- Genre: Drama
- Created by: Alan Bleasdale
- Written by: Alan Bleasdale
- Directed by: Robert Young
- Starring: Robert Lindsay; Michael Palin; Lindsay Duncan; Julie Walters;
- Composers: Elvis Costello; Richard Harvey;
- Country of origin: United Kingdom
- Original language: English
- No. of seasons: 1
- No. of episodes: 7

Production
- Executive producer: Verity Lambert
- Producer: David W Jones
- Running time: 567 minutes

Original release
- Network: Channel 4
- Release: 6 June – 18 July 1991

= G.B.H. (TV series) =

1991 British television drama series

G.B.H. is a seven-part British television drama written by Alan Bleasdale shown in the summer of 1991 on Channel 4. Described by Bleasdale as "one caring, liberal madman's odyssey through the appalling farce of life in Britain today", its protagonists are Michael Murray (played by Robert Lindsay), the hard-left Labour leader of a city council in the North of England, and Jim Nelson (played by Michael Palin), the headmaster of a special school. In normal parlance, the initials 'G.B.H.' refer to the criminal charge of grievous bodily harm (i.e. causing someone serious injury). However, Bleasdale claimed in an interview on the DVD that the title is supposed to stand for 'Great British Holiday'.

The series was controversial partly because Murray appeared to be based on Derek Hatton, former Deputy Leader of Liverpool City Council. After the first episode was aired, Channel 4 declined to provide preview tapes of the remaining instalments to Merseyside Police, who were concerned the programme could affect Hatton's court case regarding corruption. Bleasdale downplayed the connection, leading Hatton to comment, "the only person in the world who does not seem to think that Michael Murray is me, is Alan Bleasdale".

==Plot outline==
The story is set in an unspecified city in the North of England, though it was shot in and around Manchester, during a period in which local left-wing councils are vying for increased autonomy from the Thatcher government.

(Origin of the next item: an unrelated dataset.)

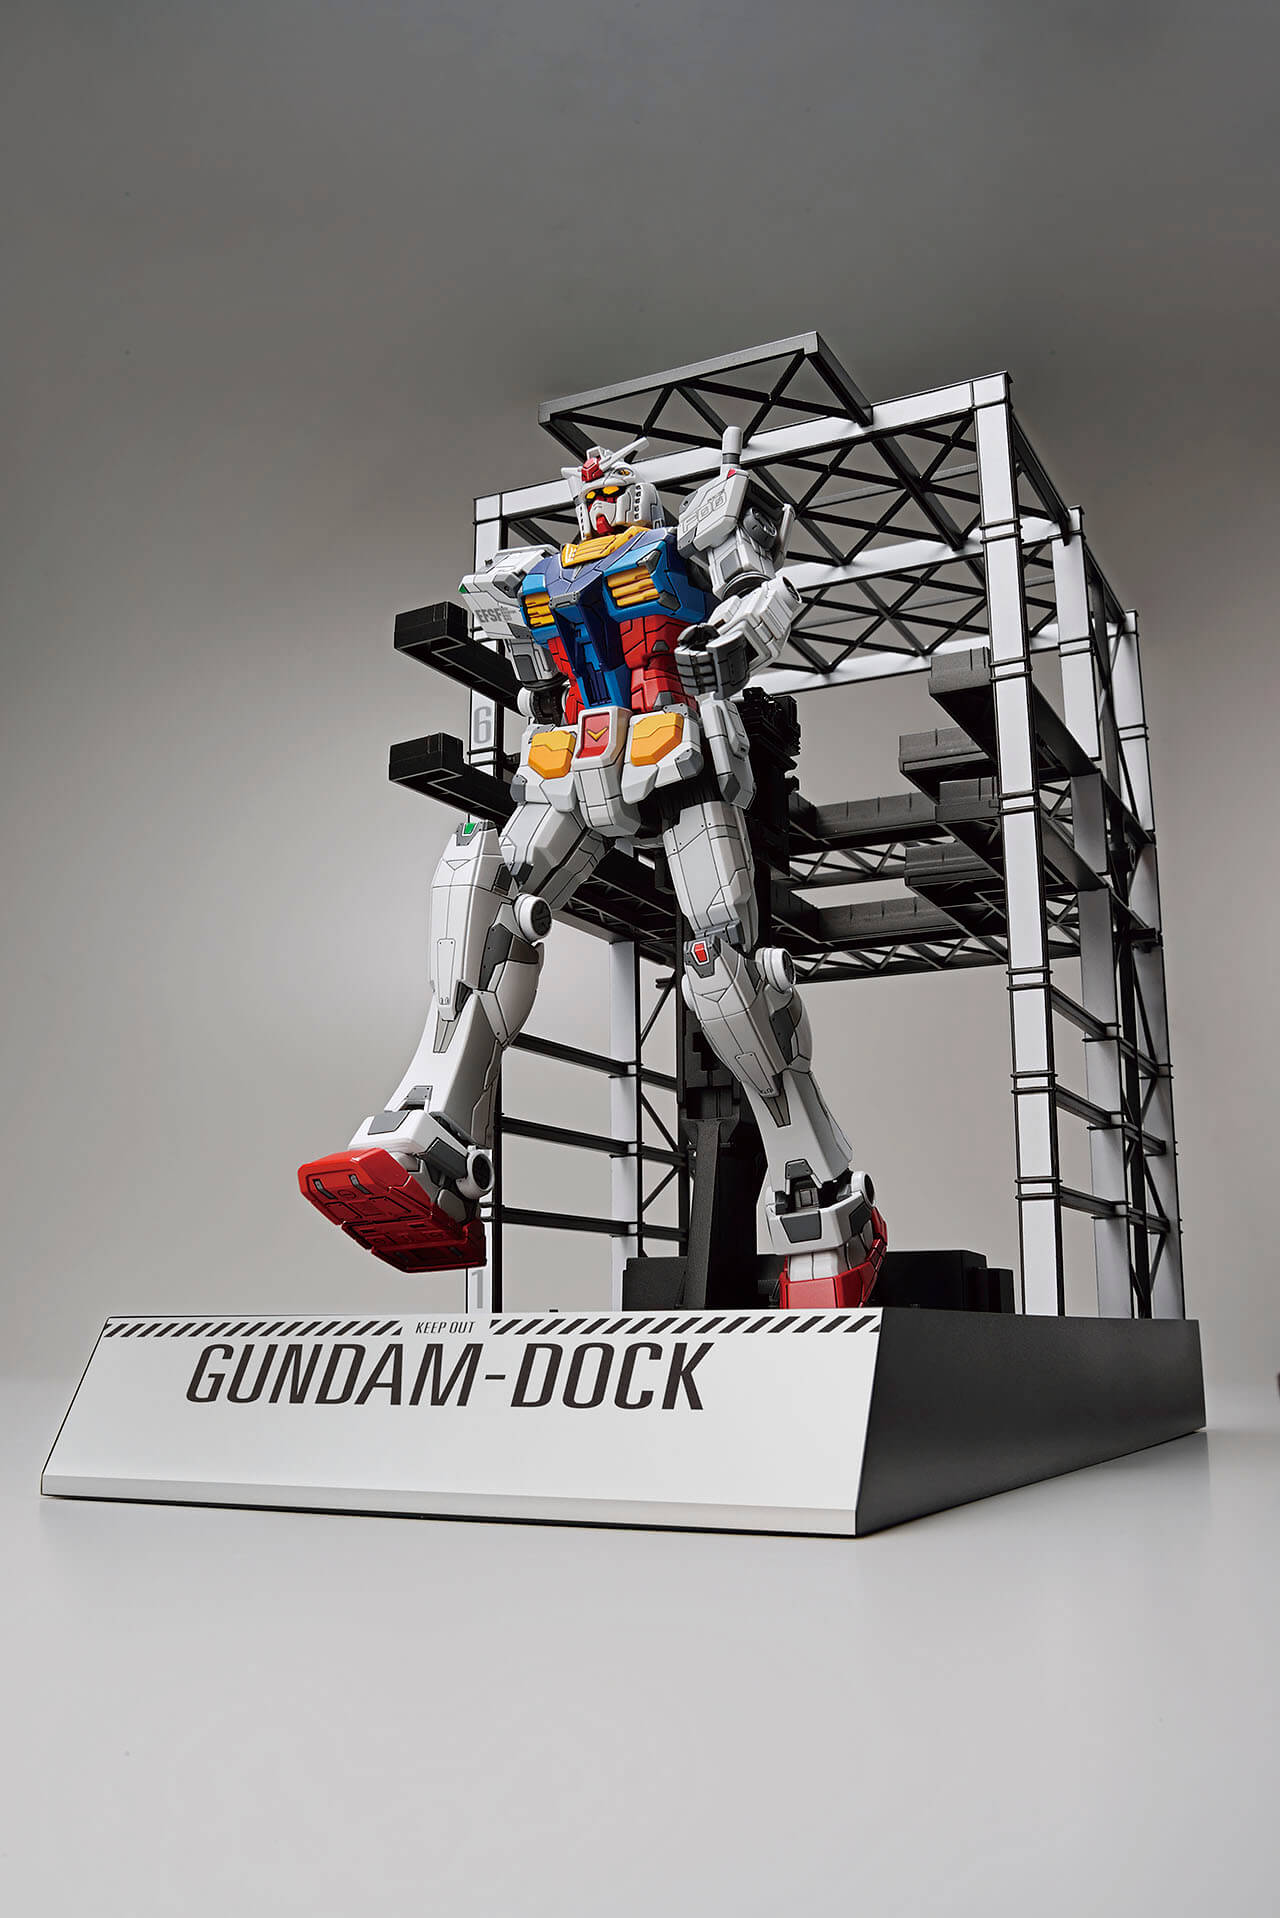 Gundam Gunpla Yokohama Limited Set of 2 RX-78F00 1/100 & 1/144 Plastic model

Michael Murray, an aggressive, womanising Labour councillor, returns to his old primary school and burns copies of school records which describe an event that almost caused him to be committed to a juvenile offenders' institution. He intimidates the elderly headmaster, Mr Weller, and dispatches him to a rural, lower-status special needs school run by the popular headteacher Jim Nelson. Murray meets with three members of the Militant Tendency—far-left politician Lou Barnes, academic Mervyn Sloane and 'fixer' Peter Grenville, who persuade him to call a general strike to protest against the government's policies.

Due to the incompetence of Murray's supporters, Nelson's school is not picketed and remains open, making it a focus for journalists, including tabloid writer 'Bubbles' McGuire, eager to discredit the strike. Murray tries to coerce Nelson, a moderate Labour member, into joining the strike. When this fails, criminal thugs hired by Grenville besiege the school and terrorise the children. Over the next few months, Nelson's school is picketed and his family are harassed at their home. Already a hypochondriac, Nelson develops a collection of neuroses under stress, including an inability to drive his car over bridges. However, his neighbours remain sympathetic and he is assured by a local farmer, Mr Burns, that the majority of traditional socialists in the area will defend him against the militants.

Conflicted between his ambition and his conscience, Murray encounters a wealthy woman named Barbara Douglas, who appears to admire him despite his crude manners. At the same time, he receives a taunting letter purporting to be from Eileen Critchley, the victim of his unspecified childhood crime, which drives him into hysterics. The letter has, in fact, been delivered secretly by Barbara. Murray's elder brother and chauffeur, Franky, grows tired of his arrogance and kicks him out of the car, leaving him stranded by the side of the road. Isolated and humiliated, Murray becomes more paranoid and unstable. He starts to develop a repertoire of involuntary tics and spasms which become increasingly difficult to conceal.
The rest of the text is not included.